We spent around an hour walking up and down the street, trying the local food from the stores set along the path, stopped for some soft cream, and spent some money on the local pottery shop. Wherever we walk, sit, dine, stand, or browse through one of the stores, large wooden beams and frames supporting and laying out the interior structures surround us and give us a glimpse of the past. The flooring creeks, announcing its presence, telling us of the countless seasons it has persevered. The whole town has its own breath and moves at its own pace. For a short amount of time in that small town, we were transported to another period, mixed with modern times, yet far away from the worries of the present.

 

Weirdly enough, we found ourselves discussing what it would be like a few centuries ago if we were to be walking through the same street, what the people then would be doing, what they worried about, what the stores would be selling, and even what the quality of the air would have felt like, all while marvelling at the local spiders and their intricate webbing system on the houses along our way. 

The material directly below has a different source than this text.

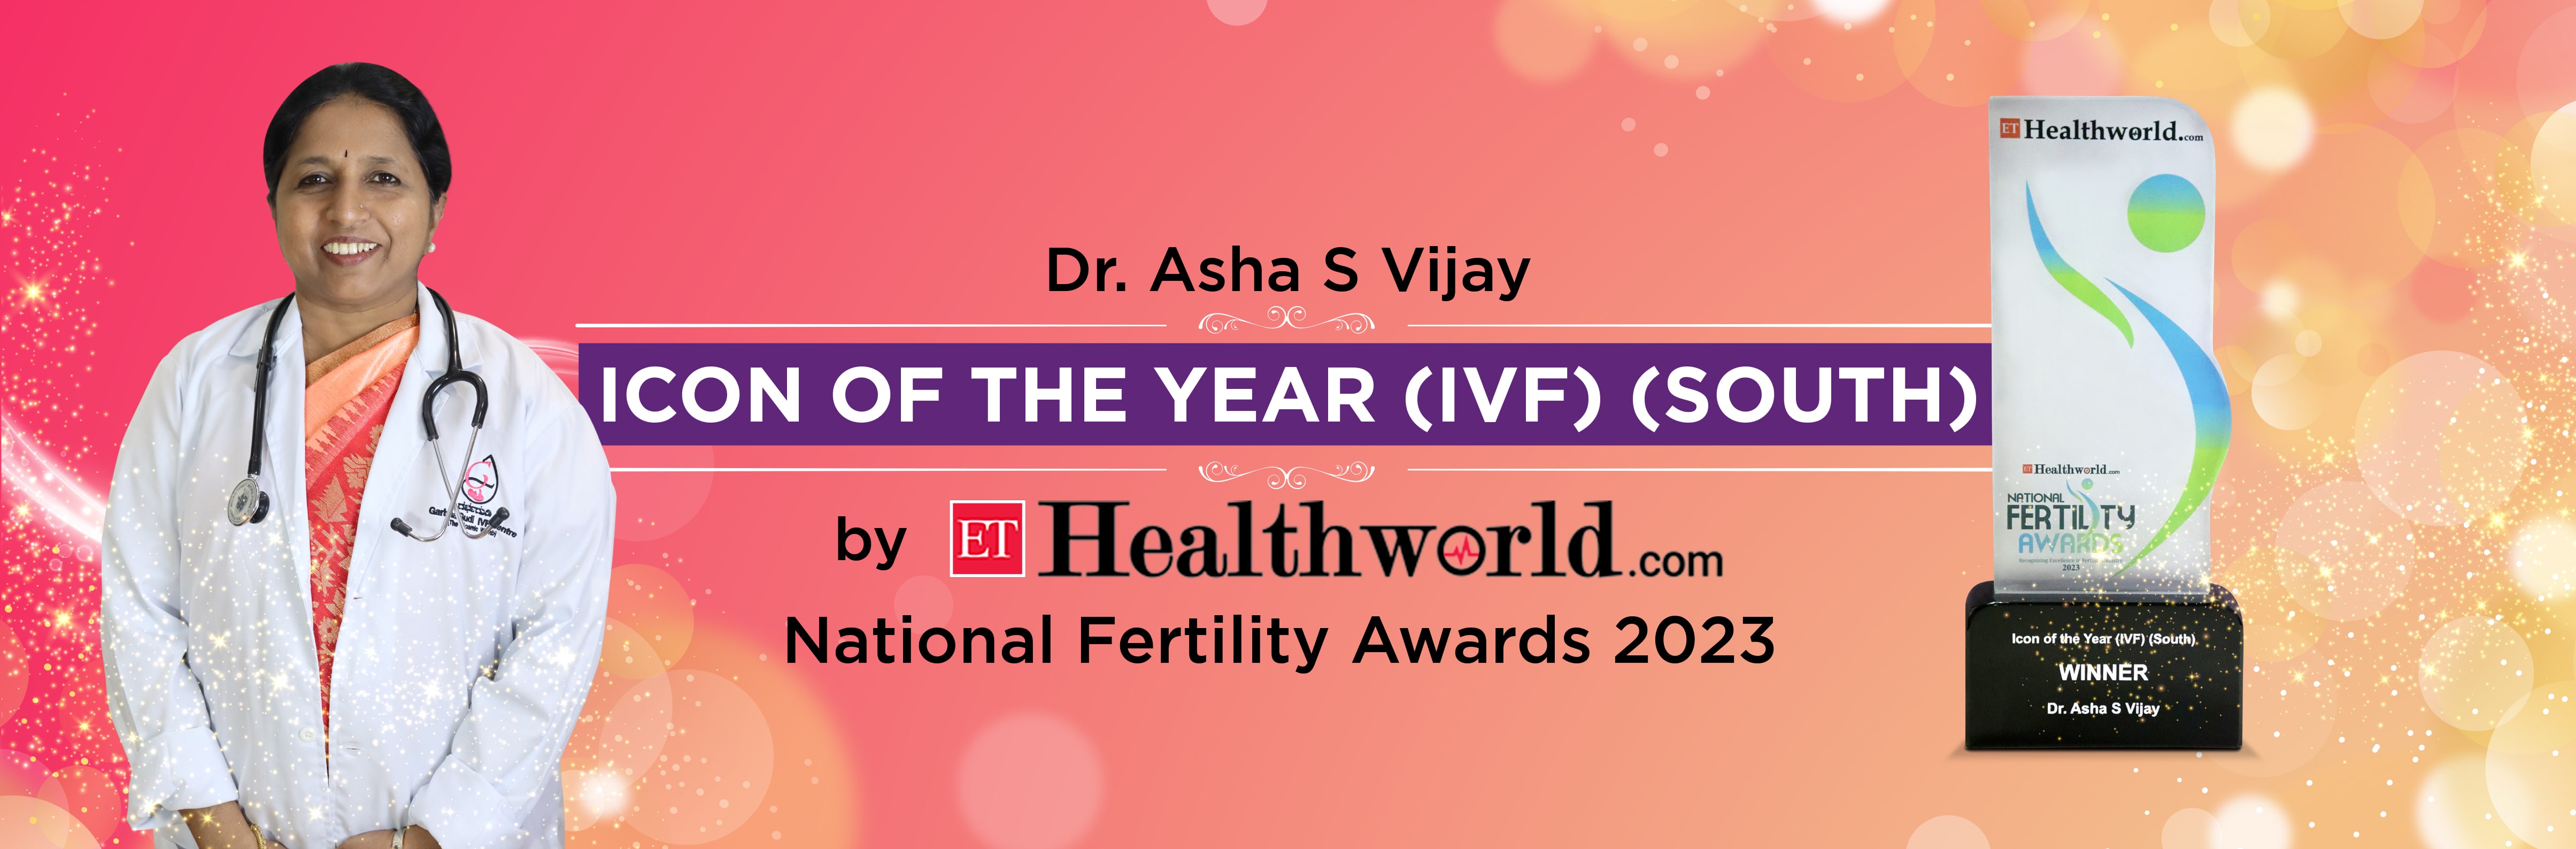 ICON of the Year - IVF - Dr Asha S Vijay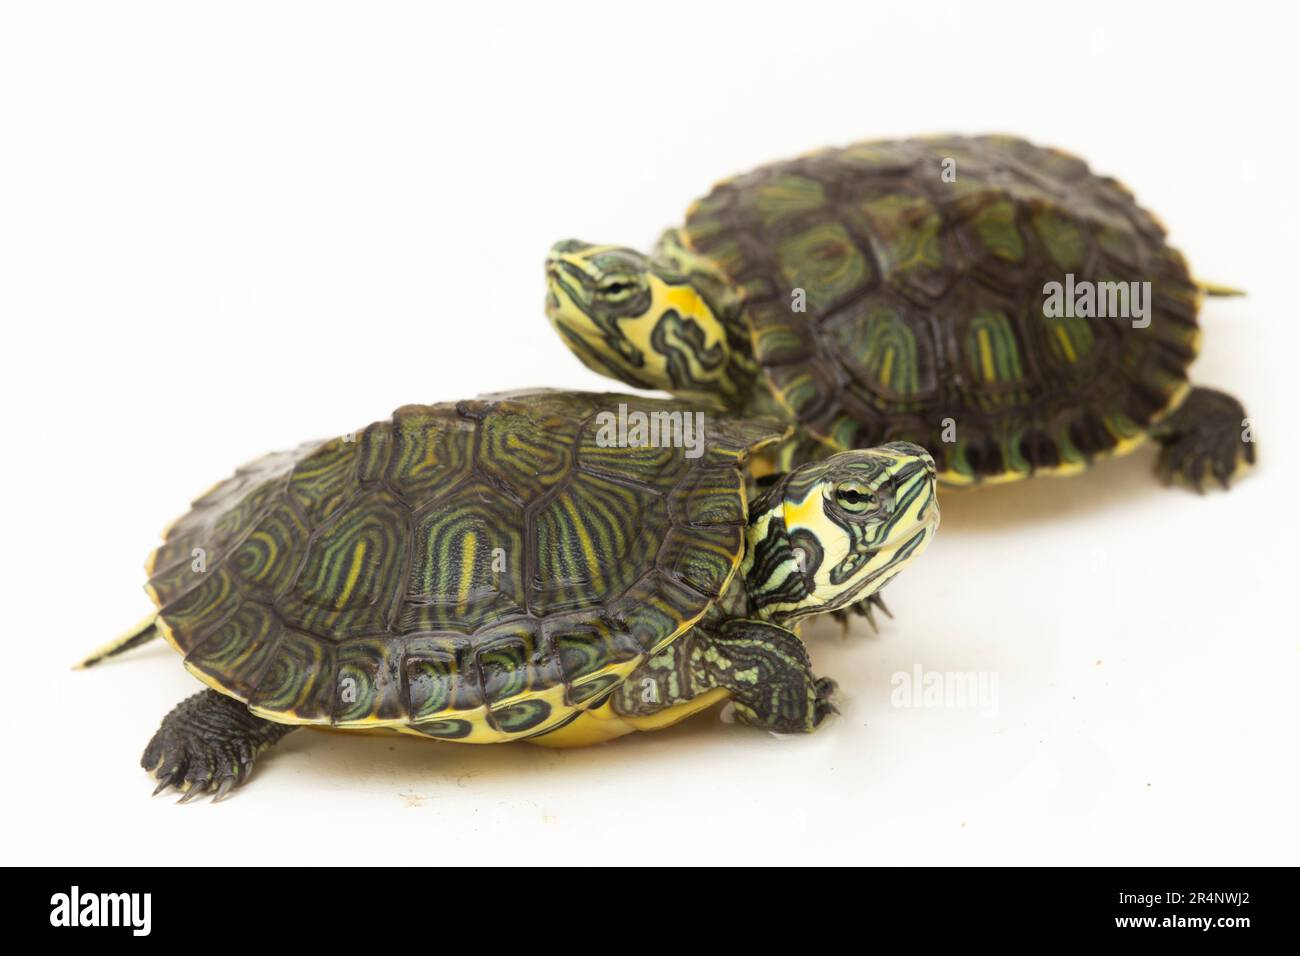 The yellow-bellied slider turtle (Trachemys scripta scripta) isolated on white background Stock Photo

In that couple of hours, it was enjoyable, relaxing, and peaceful, just strolling along the path, talking quietly, capturing the moments through the lens, and interacting with the local businesses and the kind regulars who exchanged words with us, albeit with our broken Japanese.

 

Before the sun had settled, we went back to the souvenir shop at the car park, grabbed ourselves some rice, local fermented products, some products made from plum, and some mackerel sushi for the ride to our next destination.

 

May you have as good a time there as we did!

 

 

With love for travelling,

 

Travel Tegami

The Closing:

What the place was to us is not an ever-so-popular destination for everyone with a load of stores and places to visit, but a more peaceful option to relax and take your time enjoying the scenery slowly, take a few photos, and enjoy the little details of the town and its surroundings. 

 

With that said, it also meant that the town has not yet found itself to be a very popularized tourist destination, and some may find that it is a little bit lacking in terms of things to see and do.

 

However, the town is quite rich with local produce, traditional pickled food, and other delicacies, so if you are eager to explore the food culture, you could find your interest in this place. The saba sushi and other related dishes are a must-try, as the town was nicknamed “Saba-Kaido” or “Makerel road” in English from its use for transportation of makerel in the old times.

 

Our Picks: Co Neru Bakery (open Sat & Sun, 11 pm-2 pm), リサイクルうさぎ (great dango), THEE COFFEE (ジーコーヒー), Marushin (dining), Jakushuyo (pottery & experience)

 

Things to know:

 

  • We recommend coming on weekends for the best chance that most of the stores are open; even then, there are not too many stores. During weekdays, the souvenir shop and some diners are open, but expect that some may be closed.
  • We stayed there from Friday to Sunday at Yao Kumagawa, and some of the stores seem to never be open during that time, so expect not to see all the stores open; however, the stores in ‘Our Picks’ are all open on the weekends. Co Neru, リサイクルうさぎ, and Jakushuyo may have been closed on Friday, and there are no ‘operating hours’ for most places on Google Maps.
  • We went there at the beginning of high season in the last quarter of the year, and the images you see on this site and our social media really look like that.